Wednesday, October 27, 2010

Densifying Biomass: Biomass Tablets at 20,000 PSI

MU's Bradford Research and Extension Center farm and a local business have built a machine that can compact corncobs, switchgrass and other biomass so four times as much material can fit in the same amount of space.

Instead of needing an 18-wheeler truck to move biomass to burn as fuel for electricity and ethanol, the same amount could be transported in a dump truck. _Missourian
Biomass is an inherently bulky and clumsy material for transport. Finding ways to compress and/or densify biomass very close to the source is crucial toward building a thriving biomass economy. Otherwise, a significant amount of energy will be wasted simply transporting the biomass to pre-processing, processing, and refining facilities.

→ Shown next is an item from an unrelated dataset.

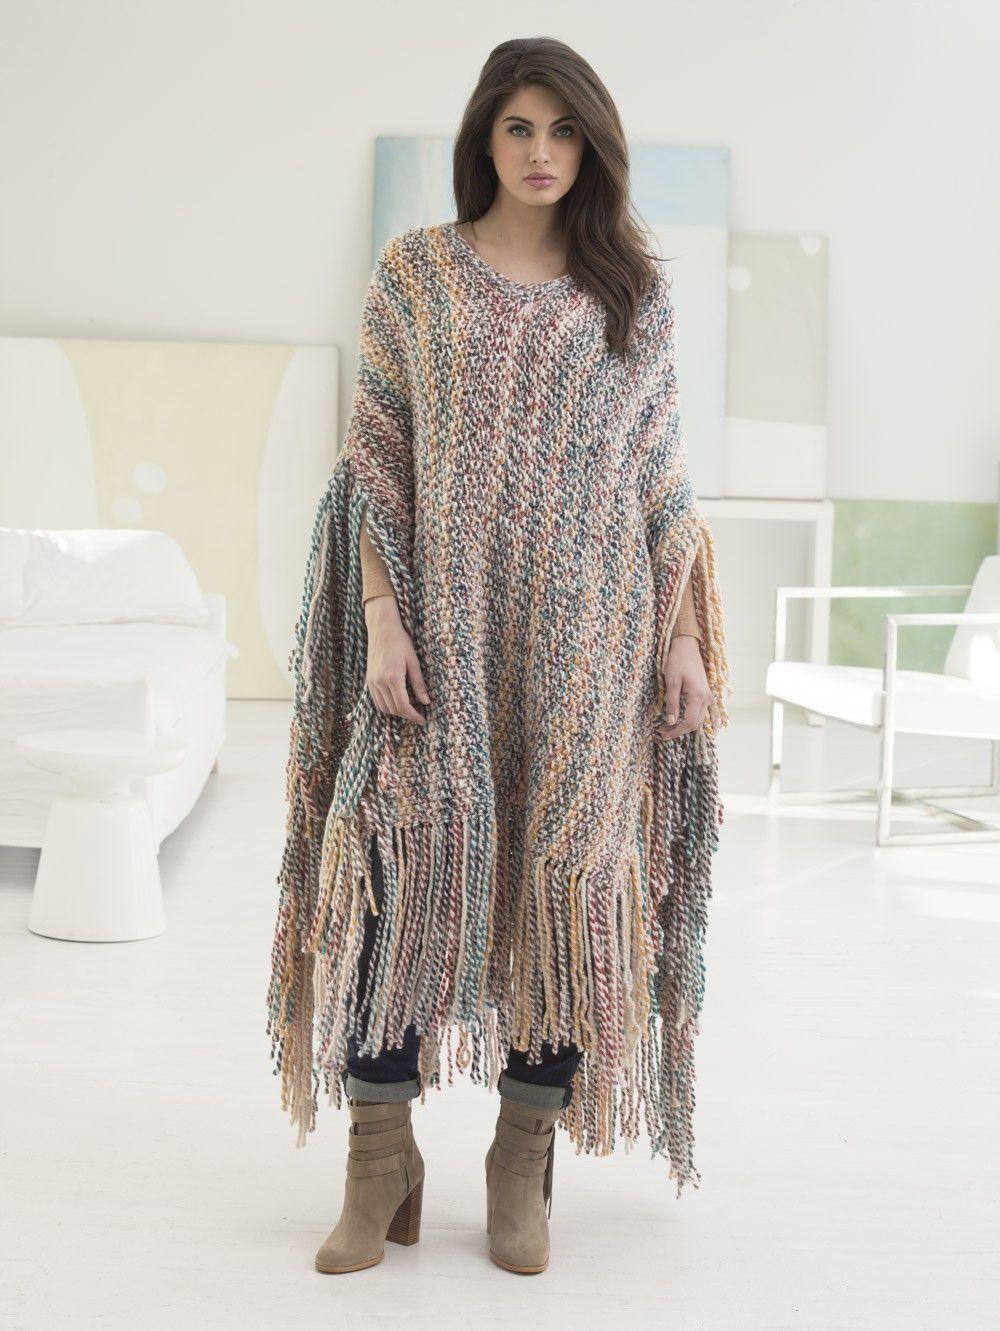 Big Sky Poncho (Knit) - Patterns - Lion Brand Yarn | I Love Knitting ...

Current methods of densifying biomass include compression into pellets and briquettes, and fast pyrolysis conversion to bio-crude. But those processes involve complex multi-process machines which are difficult to transport. University of Missouri ag researchers along with collaborators have developed a special hydraulic press at 20,000 psi (as opposed to 3,000 psi typical for briquette presses) which achieves an almost 20% improvement in mass compression over briquettes and pellets, and almost 4 X better mass compression than commercial balers.
The tabletizer works like this: a hopper with a hydraulic motor turns the auger and feeds the 4- to 6-inch diameter cylindrical mold with biomass. Then a ram pounds the biomass tightly into the mold, shrinking the material from about 10 inches to 2, which is smaller than most biomass briquettes.

“Basically, it squeezes the snot out of it,” VanEngelenhoven laughs. The mold then turns and ejects the compacted tablet. The pressure exerted on the biomass in the mold is about 20,000 pounds per square inch, enough to force the material to adhere together without additional binders. “We don’t put anything extra in it,” VanEngelenhoven says. Long, coarse-cut feedstocks are favorable in the process, as they stick together more easily, he adds.

The resulting tablets have an average density of 55 pounds per cubic foot, compared with average bale density of 15 pounds per cubic foot and pellet density of about 45 pounds per cubic foot, VanEngelenhoven boasts. “So it’s significantly better than a baler, but it uses more energy as well,” he says. “So in that realm, you have to try to compare how much energy this machine is using versus another machine and is there one that’s inherently better? And the answer is, it depends on what you want it to do.” If the densified material is being used at a power plant or to burn for heat in a home, a bale doesn’t fit the bill because it’s too big, VanEngelenhoven says. “So if you want something smaller, you can go with pellets, or now you have this option.” _BiomassMag
As commercial versions of these presses become available, private startups will move from farm to farm -- or from farm region to farm region -- to compress biomass for more convenient and economical hauling to either point of use, or further processing into fuels or materials.
The tablets could provide fuel for co-firing with coal in stocker and fluidized-bed boilers for power generation, fuel for heating buildings and feedstock for producing charcoal. Primary markets would be power plants and ethanol plants. _MUNews
As economies of scale bring the costs of production down, individuals and communities may elect to install their own boilers to provide combined heat and power using compressed biomass.

One ton of compressed biomass is roughly equivalent to 3 barrels of heating oil in energy content. The biomass press described above can use a wide range of raw biomass without having to grind or heat the feedstock before compression into tablets.